Aim: The aim of the study is to evaluate and compare the antimicrobial efficacy of two new materials MTA Plus and Biodentine with ProRoot MTA using tube dilution method.
Materials and Methods: The materials used were ProRoot MTA (Dentsply), MTA Plus (compounded by Prevest Denpro, Jammu, India for Avalon Biomed Inc, USA) and a calcium silicate based material Biodentine (Septodont, Saint-Maur-des-Fosses, France). Doubling dilutions of the material were prepared in Sabouraud's dextrose broth (SDB) and Brain Heart Infusion (BHI) broth for Candida albicans and Enterococcus faecalis, respectively. The minimal concentration at which inhibition of microorganism occurred was measured and noted as minimal inhibitory concentration (MIC) of the material.
Results: There was no statistically significant difference between the materials against C. albicans. Biodentine was statistically significant than MTA Plus against E. faecalis (P-value-0.022). ProRoot MTA was statistically significant at different time intervals against E. faecalis (P-value-0.001).
Conclusion: ProRoot MTA and Biodentine proved to have antimicrobial property. MTA Plusproved as a good antifungal agent.
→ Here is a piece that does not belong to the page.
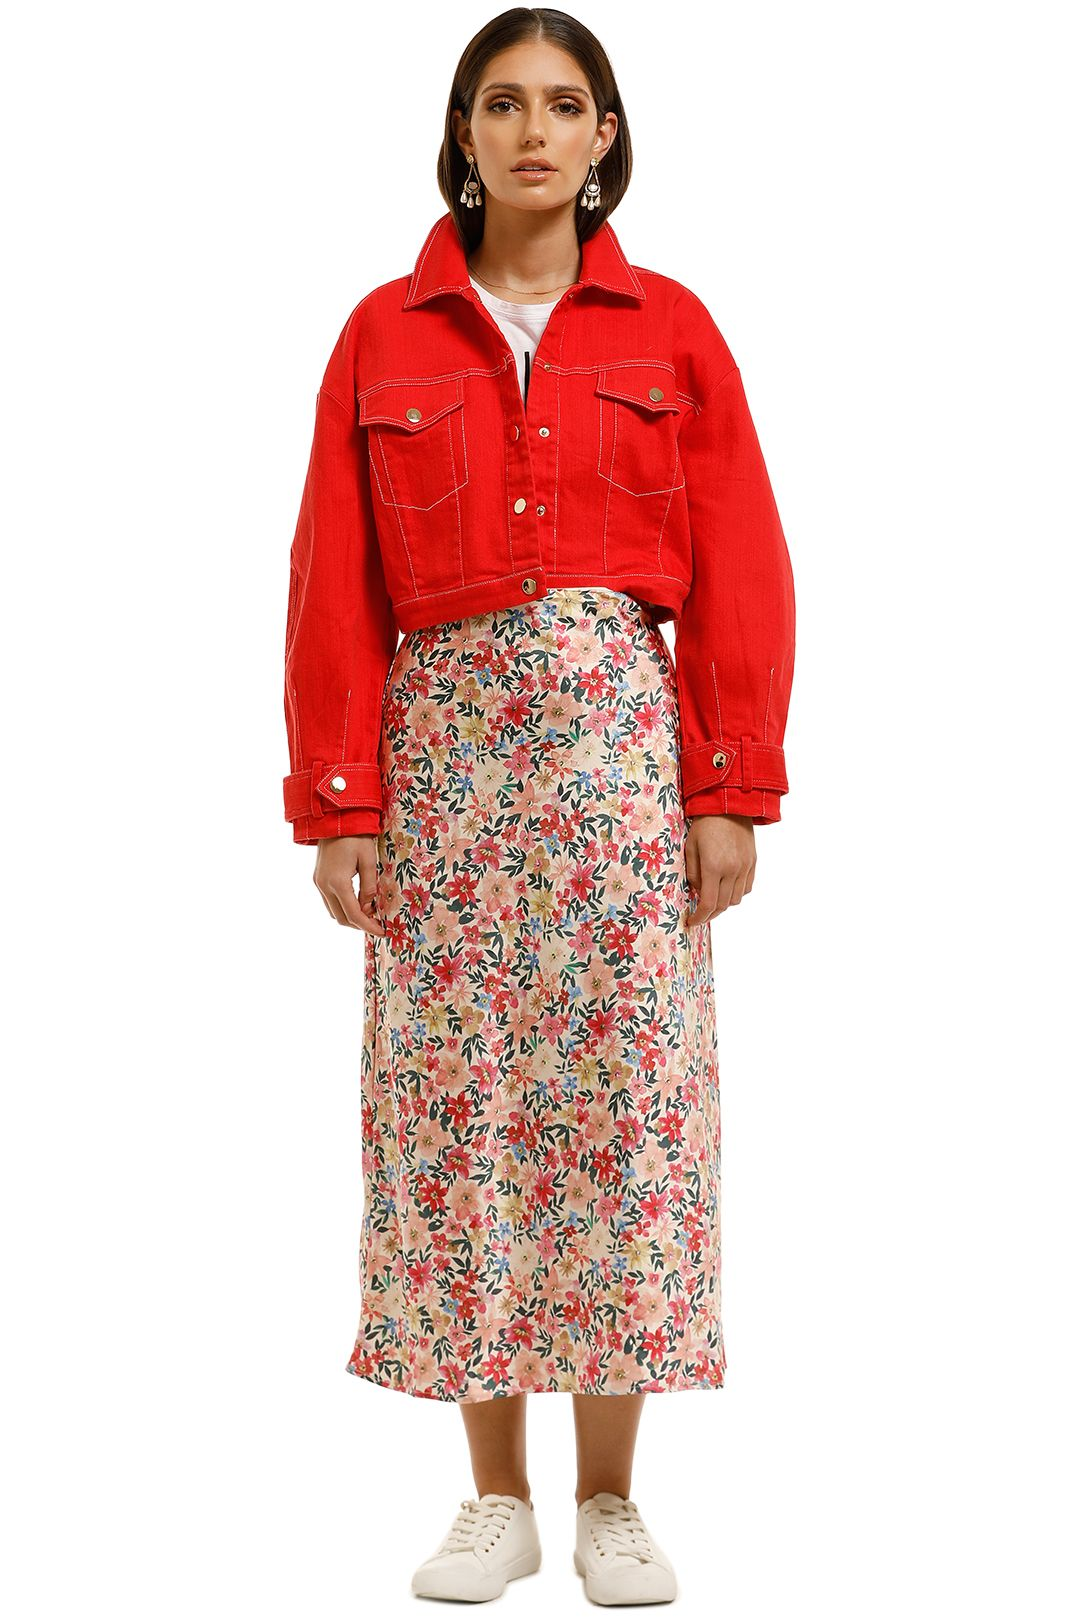 Elliatt-Leilani-Jacket-Pop-Red-Red-Front

Keywords: Antimicrobial efficacy; minimal inhibitory concentration; root-end filling

How to cite this article:
Hiremath GS, Kulkarni RD, Naik BD. Evaluation of minimal inhibitory concentration of two new materials using tube dilution method: An in vitro study . J Conserv Dent 2015;18:159-62

How to cite this URL:
Hiremath GS, Kulkarni RD, Naik BD. Evaluation of minimal inhibitory concentration of two new materials using tube dilution method: An in vitro study . J Conserv Dent [serial online] 2015 [cited 2021 Apr 11];18:159-62. Available from: https://www.jcd.org.in/text.asp?2015/18/2/159/153056

   Introduction Top


Microorganisms play a key role in the development of pulpal and periapical diseases. Pulpal diseases leading to inflammation of periapical tissues show the presence of bacteria in the root canal system. Teeth with pulpal or periapical pathology have a complex microbial flora consisting of cocci, rods, spirochetes, and fungi. [1] Studies have shown that there is a difference between the microbial flora of root canal in cases of primary endodontic infection and in cases of reinfection. [2] The microorganisms in retreatment cases possess greater resistance to intracanal medicaments. Also, it is found that microbes not only grow in planktonic cells or in aggregates but also forms biofilms. [3] It was in 1894 when WD Miller first published his observations on microflora. Since then studies have shown that the endodontic environment is selective and it supports the specific microorganisms to grow. [4]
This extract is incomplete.